Just planted, the tomato trough doesn't look like much yet, but in a few weeks it should be looking great.
I've been able to put in a few late nights in the garden this week though, and one of the things I accomplished was getting my new tomato trough planted. I had woodworker extraordinaire Ryan build this for me (Ryan also did the built-ins in our bedroom and our kitchen cabinets) and told him to do it as cheaply as he could while still using wood that would last more than a year or two. As usual, he did a fabulous job building it to my sketch and I stained it gray to match the deck underskirting.

I have two smaller tomatoes planted in it, three basil plants and a couple of parsley plants. I'll have lots more of all of them planted over in the vegetable garden, but these will be right outside the kitchen door for easy access. I'm so happy with how it turned out. It's a big container and I filled it entirely with soil mix, in this case a combination of Fafard 3B potting mix, a bag of manure, a fair amount of chicken grit for drainage and a few handfuls of Espoma Tomato Tone fertilizer.

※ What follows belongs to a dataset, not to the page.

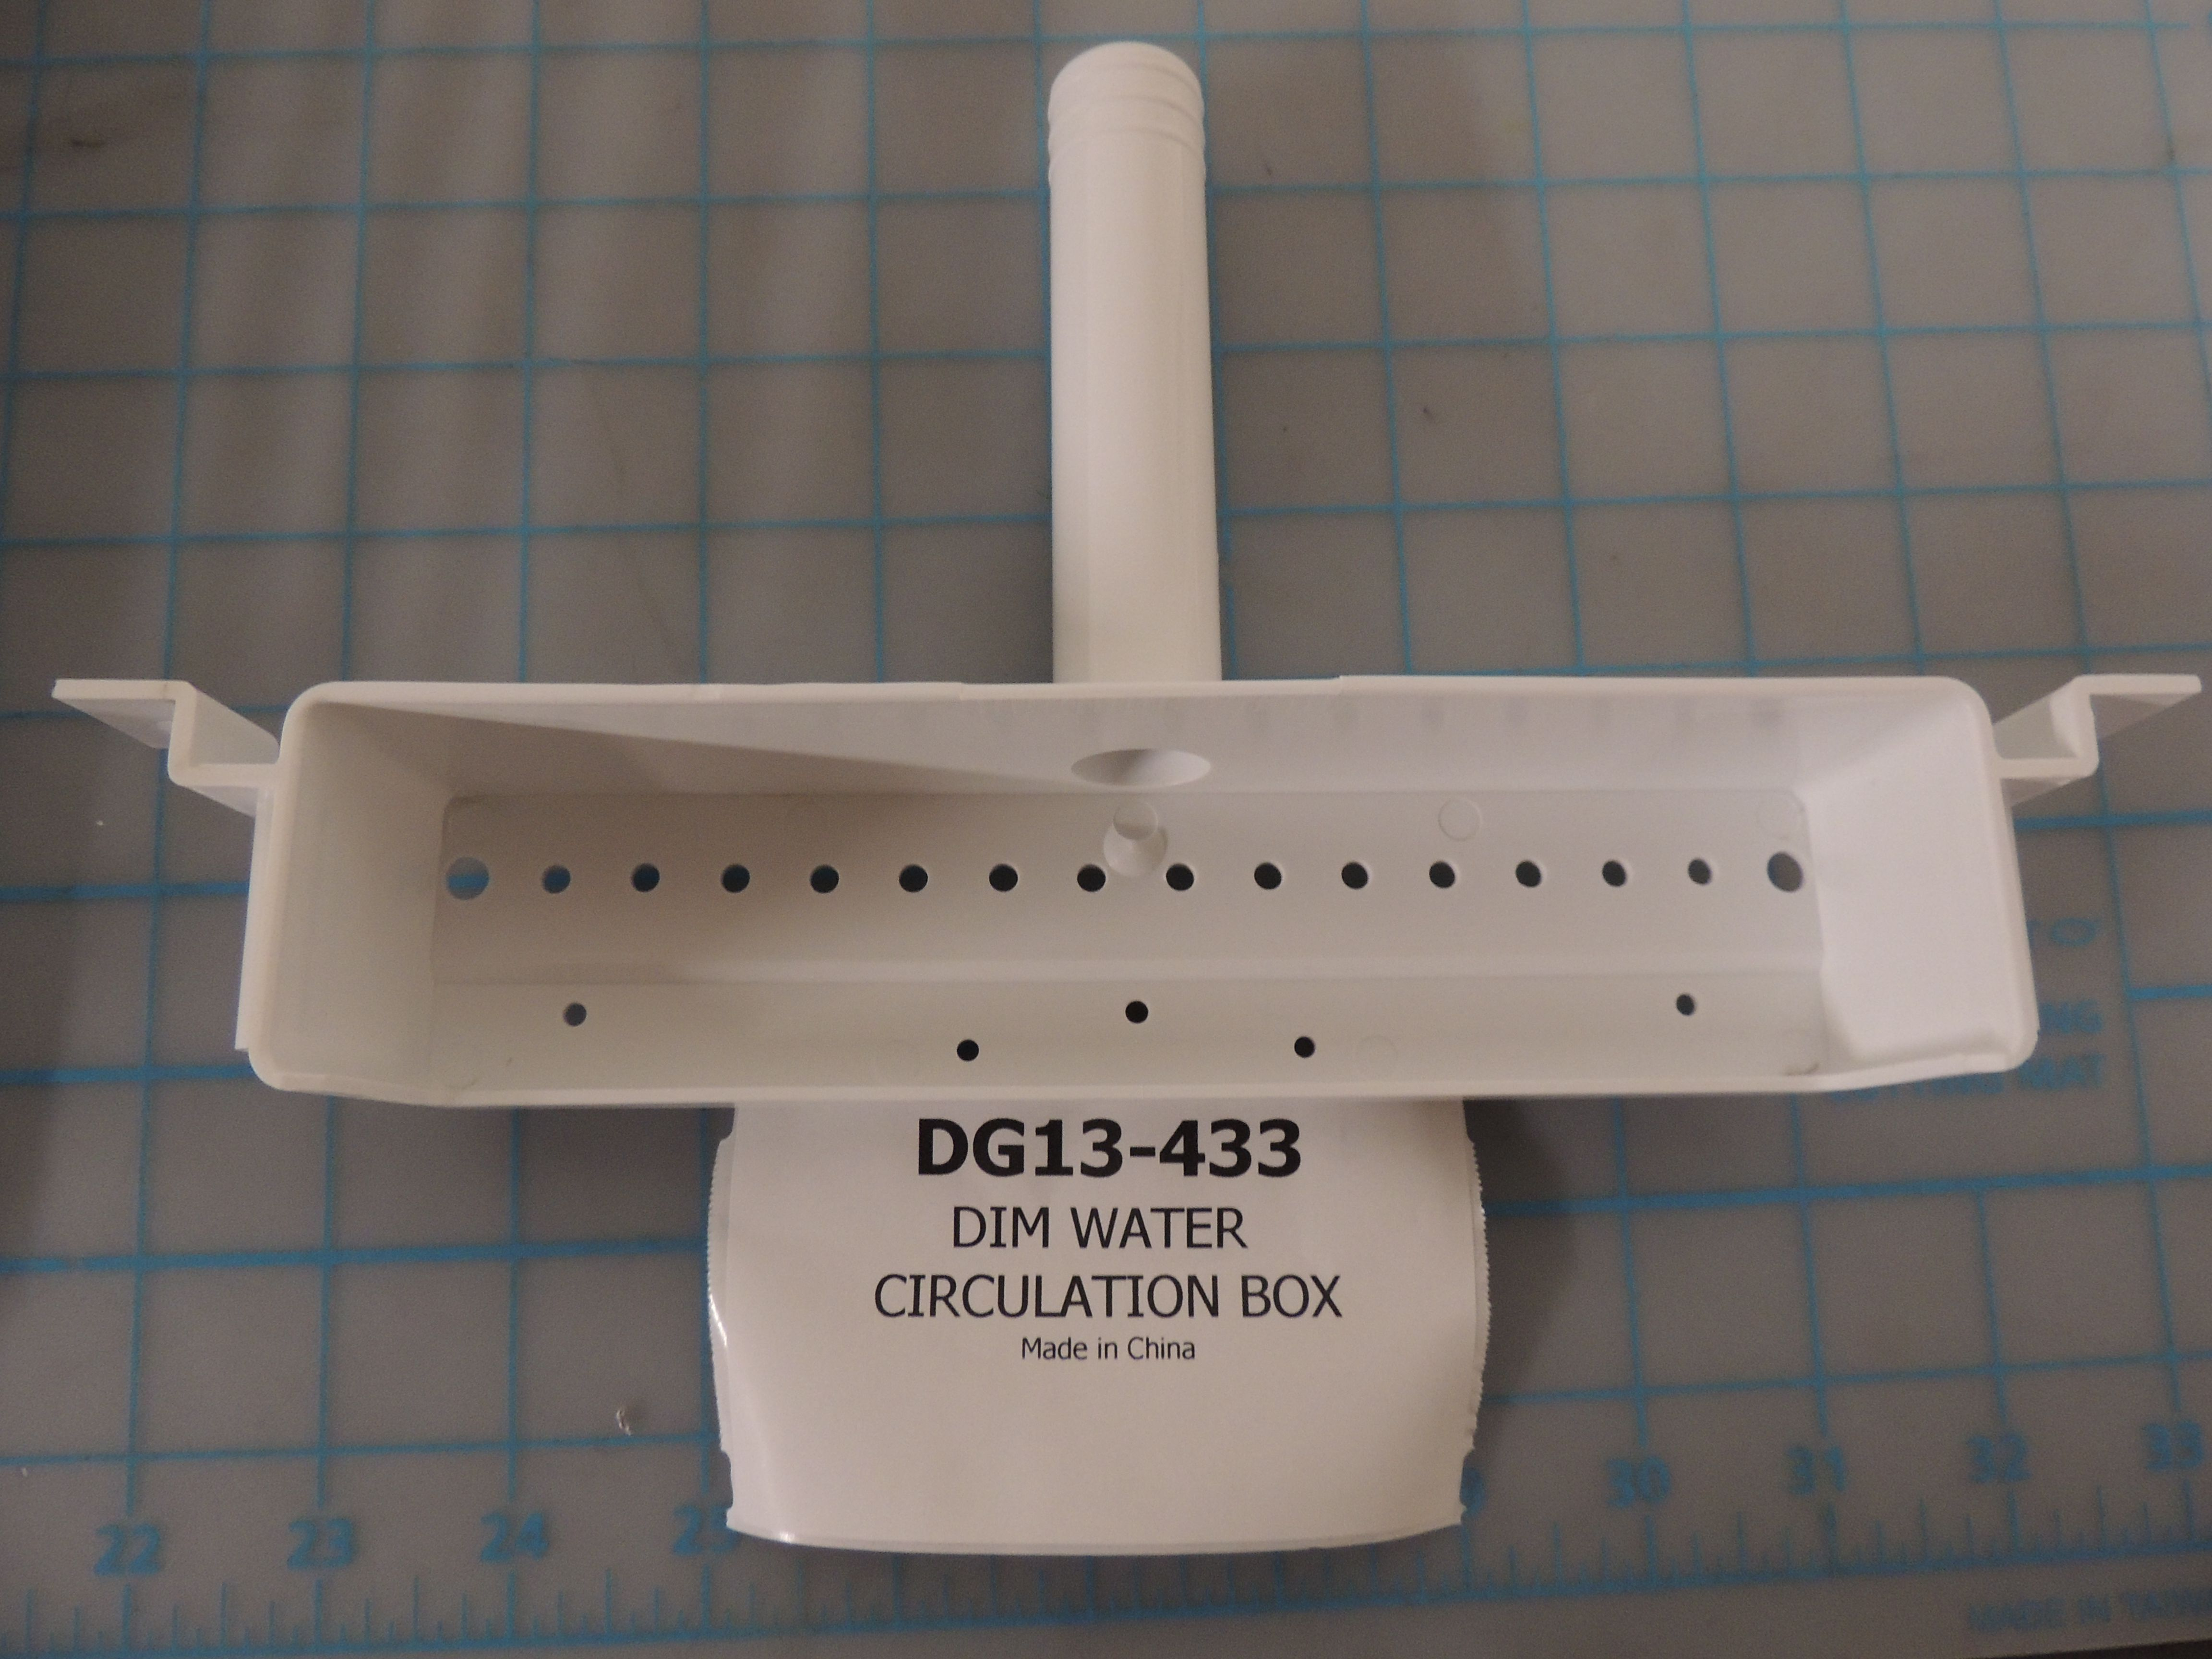 DIM WATER CIRCULATION BOX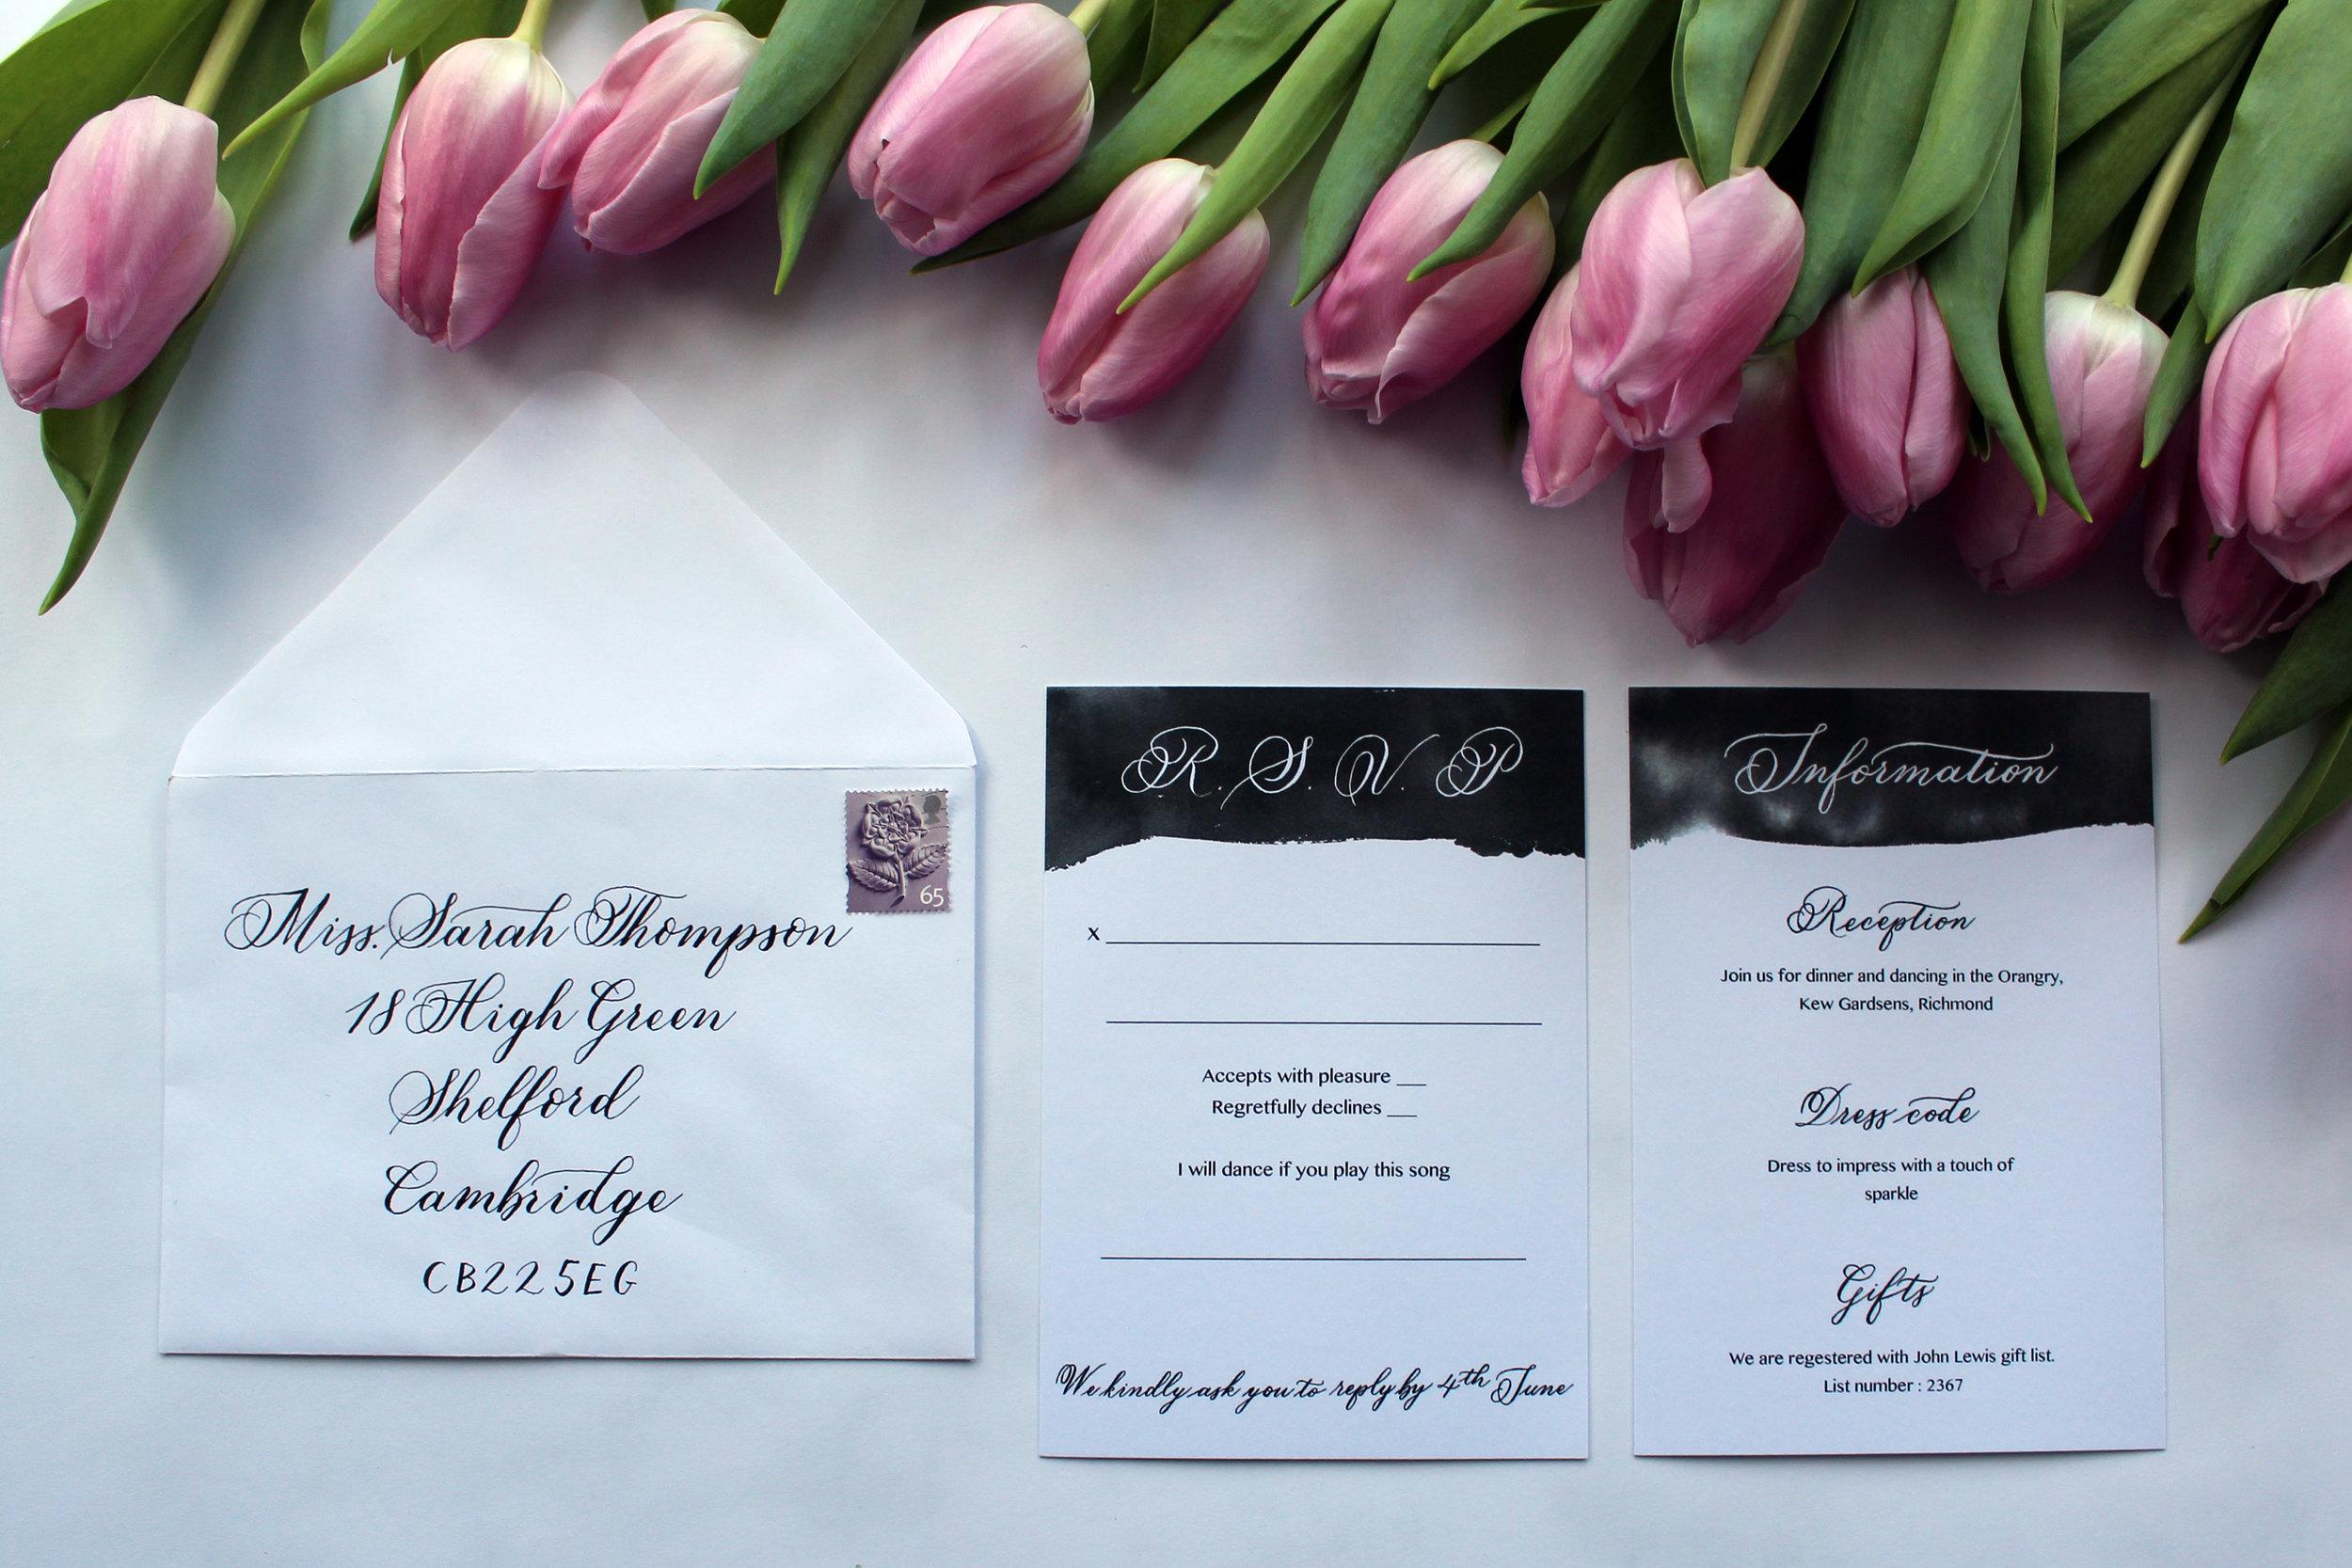 Ik rsvp and calligraphy envelope.jpg

The first clematis is blooming. Unfortunately I don't recall where I got this one or what it is called but I believe it's an alpina variety. It's growing up the new magnolia tree and the two plants blend in so well together that it looks like a weird tree with two completely different blooms.

You can tell I haven't gotten around to edging this bed yet.

Gardening after work at this time of year really is a joy. There are no mosquitos yet and the light is so beautiful. The new garden I built last year is looking pretty darn good for a new bed. I planted double white daffodils (and I wish I could recall the name) here and I'm so happy with the effect. These daffs are so gorgeous. A neighbor stopped by and said they remind her of gardenia blossoms.


I also snapped a photo the other day of a new sedum I picked up on a whim. I think it is called 'Plum Perfection' but there was no tag in the pot. I'm loving the blush of purple on it. I'll be interested to see if that stays during summer or if that's just a spring show.

The Serviceberry blooms have come and gone.
I would love to do a Friday Finds post for you today, but I've not been online much lately. I shall fix that next week! The good news is that I have lots planned for the blog for next week: a product review that I hope you'll love as much as I do, a little bit about my day as a "movie star," and weather-willing, a post about all the planting I hope I get done over the weekend.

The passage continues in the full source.